Add all of the host names and IP addresses of your shard hosts to the shard catalog.

As part of the deployment process, the shard director contacts the shards and directs them to register with the shard director’s TNS listener process. This listener process only accepts incoming registration requests from trusted sources and will reject registration requests from unknown hosts.

If your shard hosts have multiple host names or network interfaces assigned to them, it is possible that the incoming registration request to the shard director may come from a host that was not automatically added during ADD SHARD. In this case, the registration request is rejected and the shard will not deploy correctly. The visible symptom of this problem will be that CONFIG SHARD shows PENDING for the shard’s Availability after DEPLOY has completed.

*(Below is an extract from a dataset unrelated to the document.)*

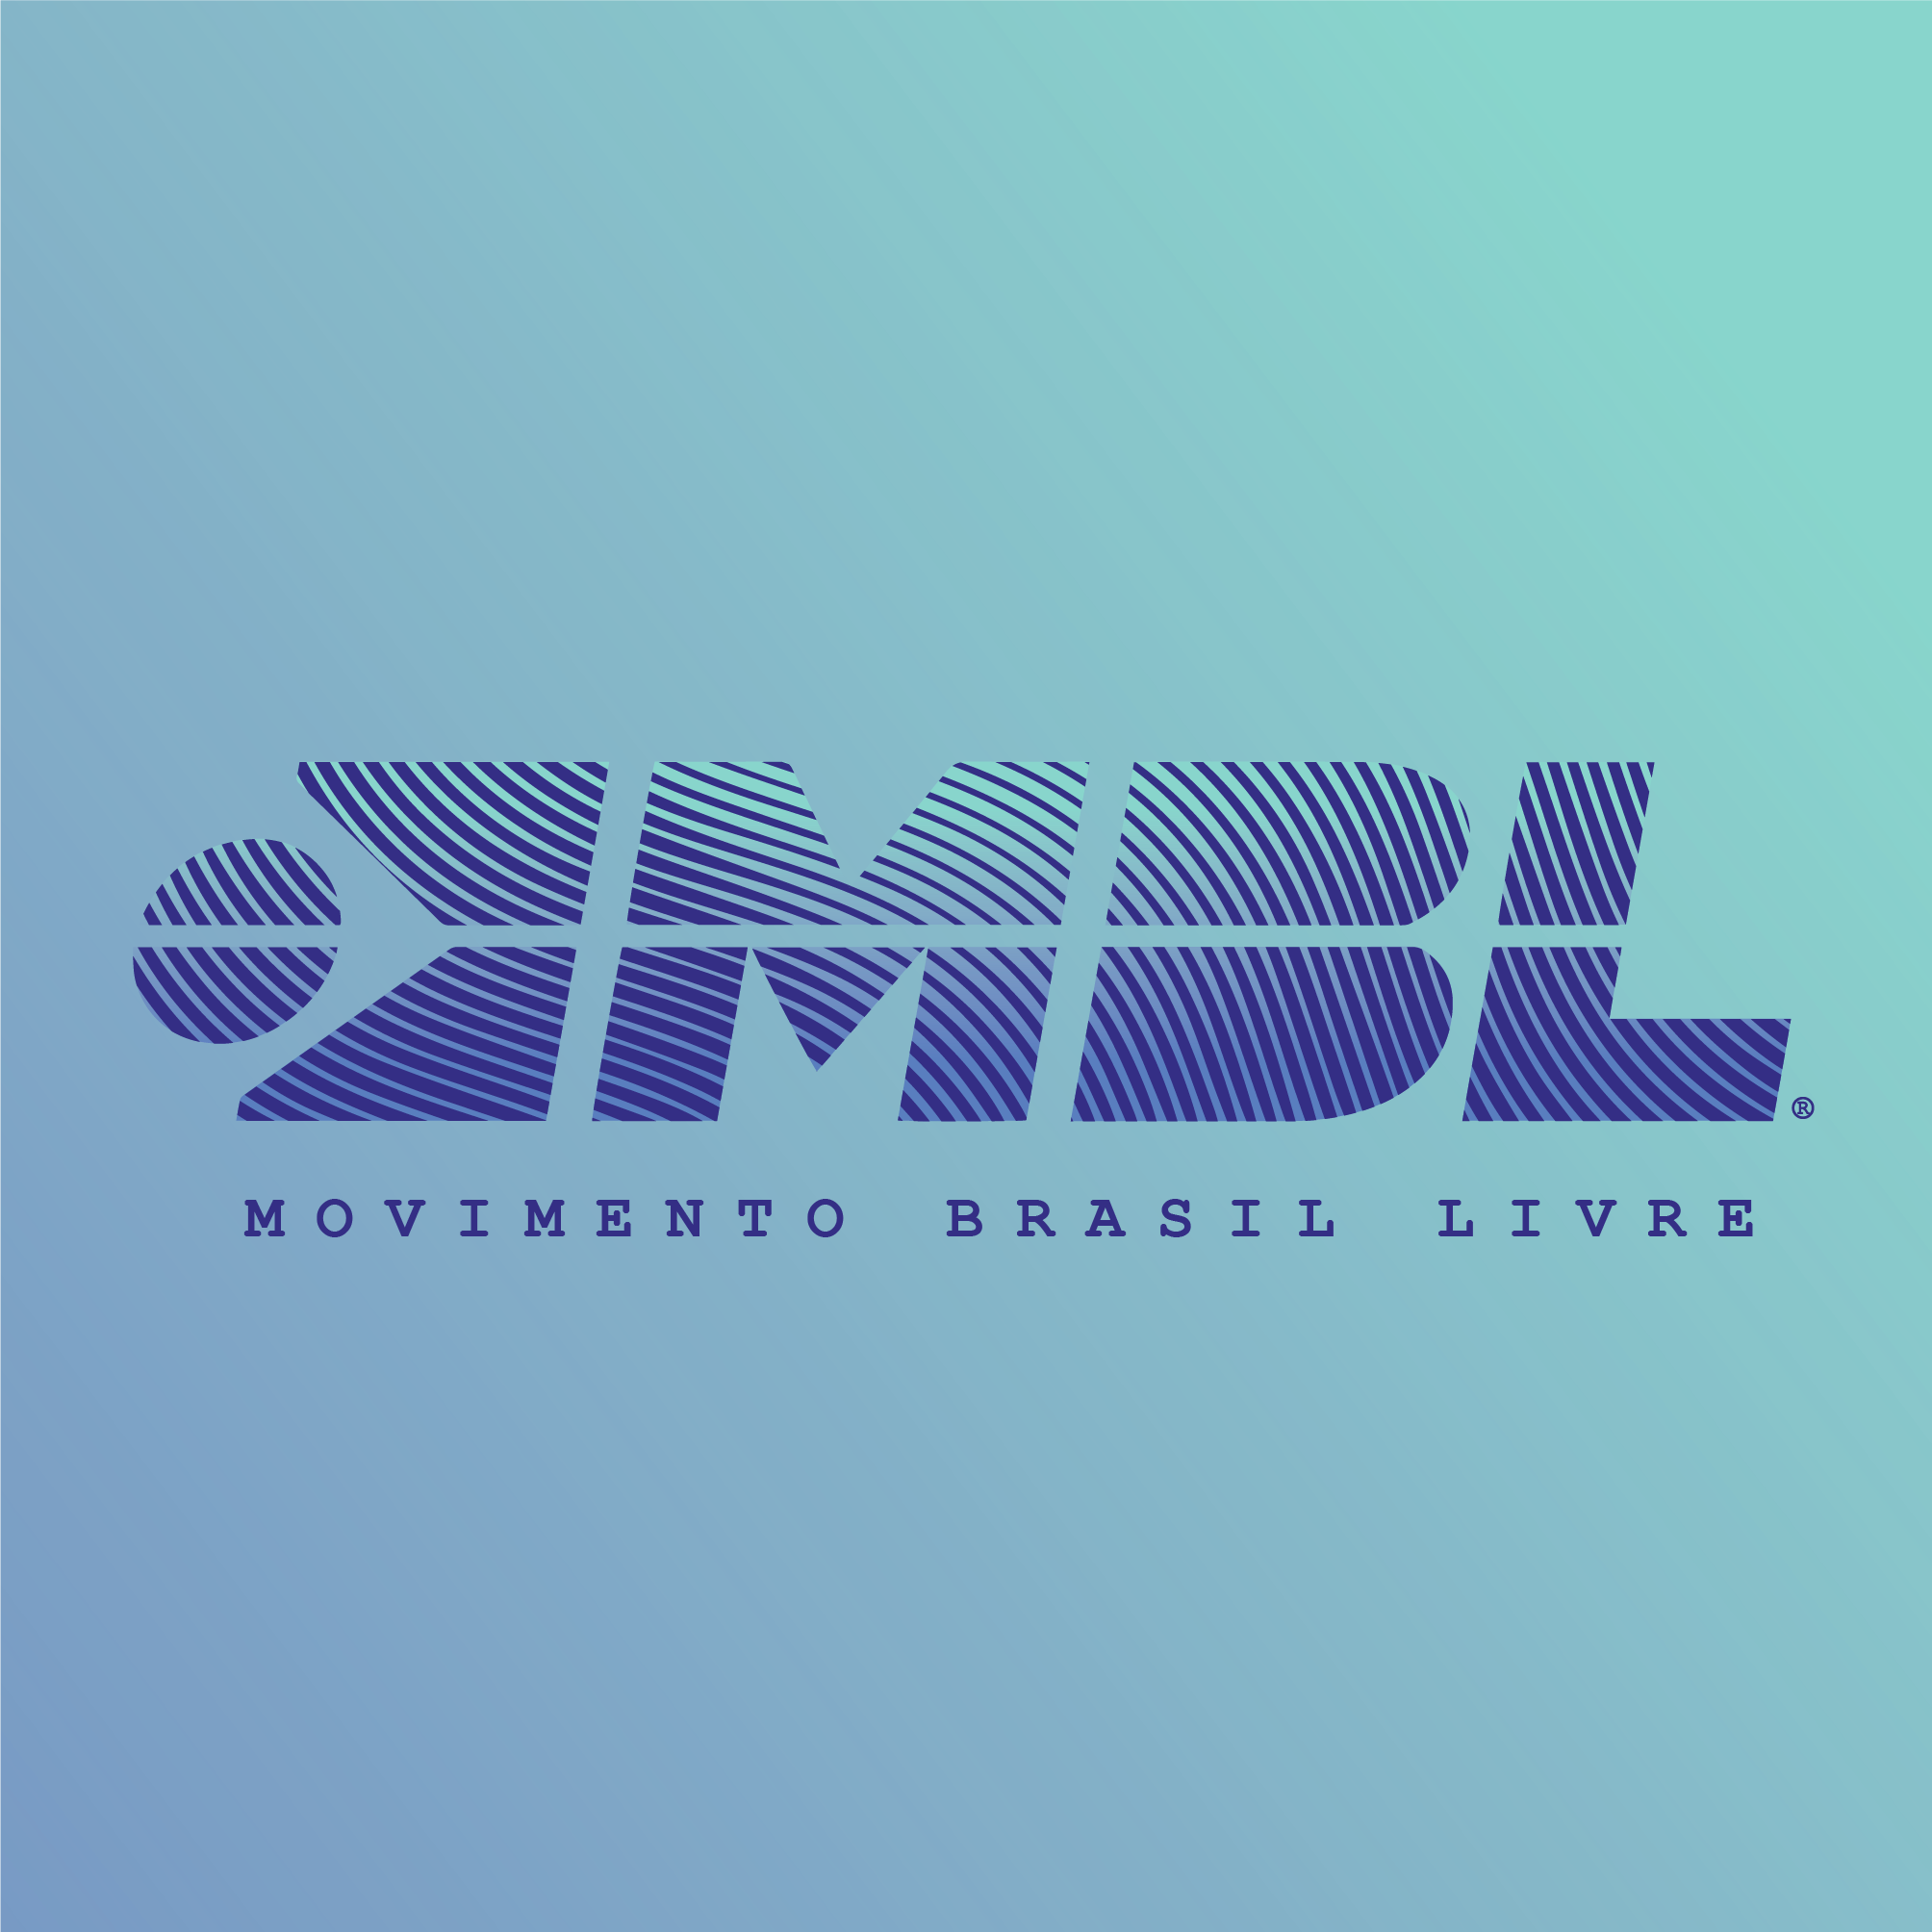 Free Brazil Movement, Libertarianism Wiki
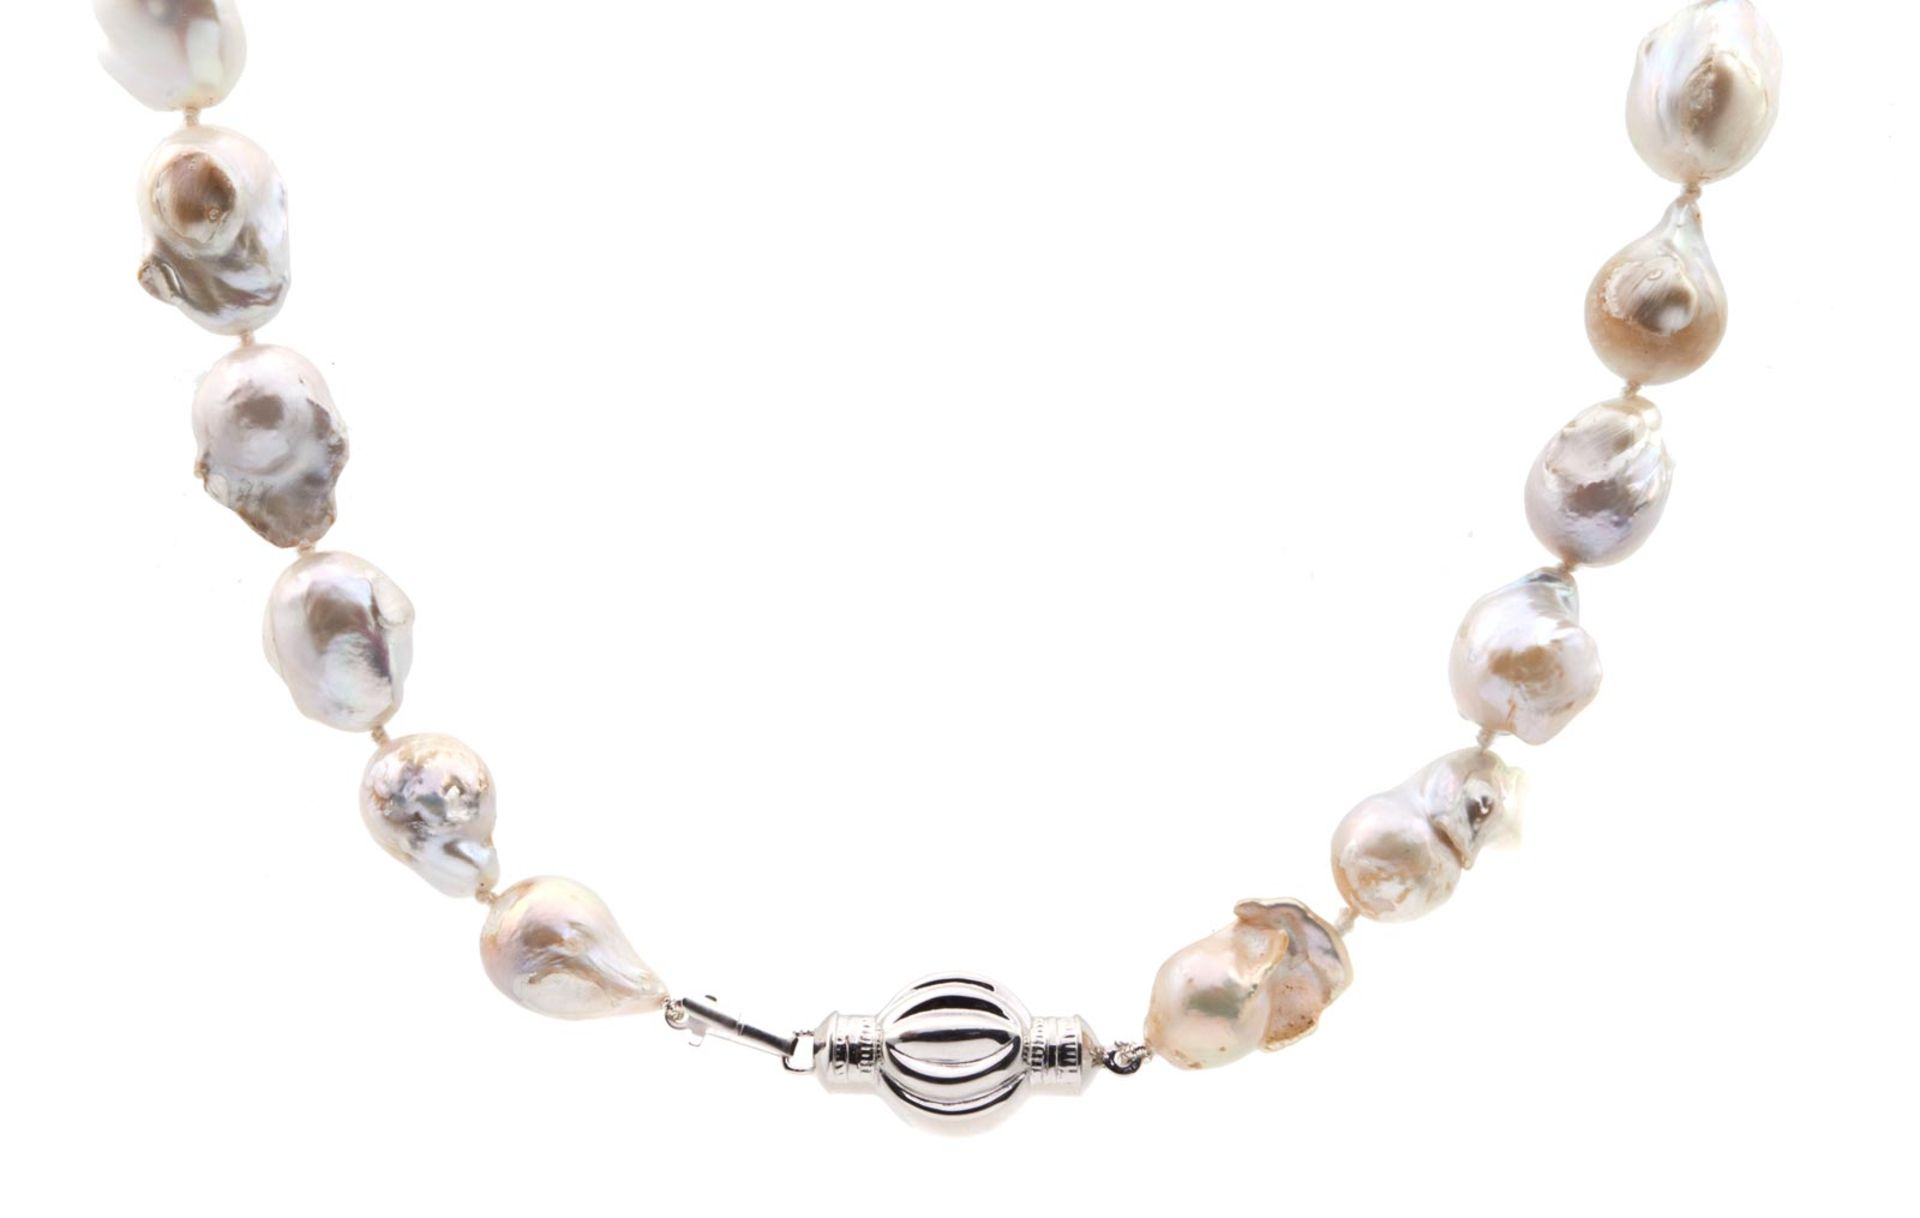 NECKLACE De perlas barrocas con cierre en plata. 50,5 cm. largo y 92,9 gr.

To avoid this issue, use the GDSCTL ADD INVITEDNODE command to manually add all host names and IP addresses of your shard hosts to the shard catalog metadata.

  1. View a list of trusted hosts.

    By default, the ADD SHARD command adds the default host name of the shard host to the shard catalog metadata, so that any registration requests from that host to the shard director will be accepted. You can view the list of trusted hosts by running the GDSCTL CONFIG VNCR command.

    GDSCTL> config vncr
  2. Ping from all of the hosts in the configuration to verify successful host name resolution.

    Any hosts listed in the CONFIG VNCR output must be reachable by name from all of the other hosts in the topology. Use the ping command from the shard, shard catalog, and shard director hosts to verify that hostname resolution succeeds for all of the host names listed.

    To resolve any issues, use operating system commands or settings to ensure that all of the host names can be resolved.

  3. Run the REMOVE INVITEDNODE command to manually remove any host names that are not necessary and cannot be resolved from all of the hosts.
  4. Run the ADD INVITEDNODE command to manually add all host names and IP addresses of your shard hosts to the shard catalog metadata.
    GDSCTL> add invitednode 127.0.0.1

Check Free DB_FILES

Verify that there are enough free data files in each shard to make sure there is enough capacity to create the number of chunks and tablespace sets you need for the distributed database.

To check free DB_FILES and parameter setting:

SQL> select count(*) from v$datafile;

  COUNT(*)
----------
XxxXX

SQL> show parameter db_files

NAME				     TYPE	 VALUE
------------------------------------ ----------- ------------------------------
db_files			     integer	 200

Formulas to calculate the DB_FILES setting can be found in Create the Shard Databases.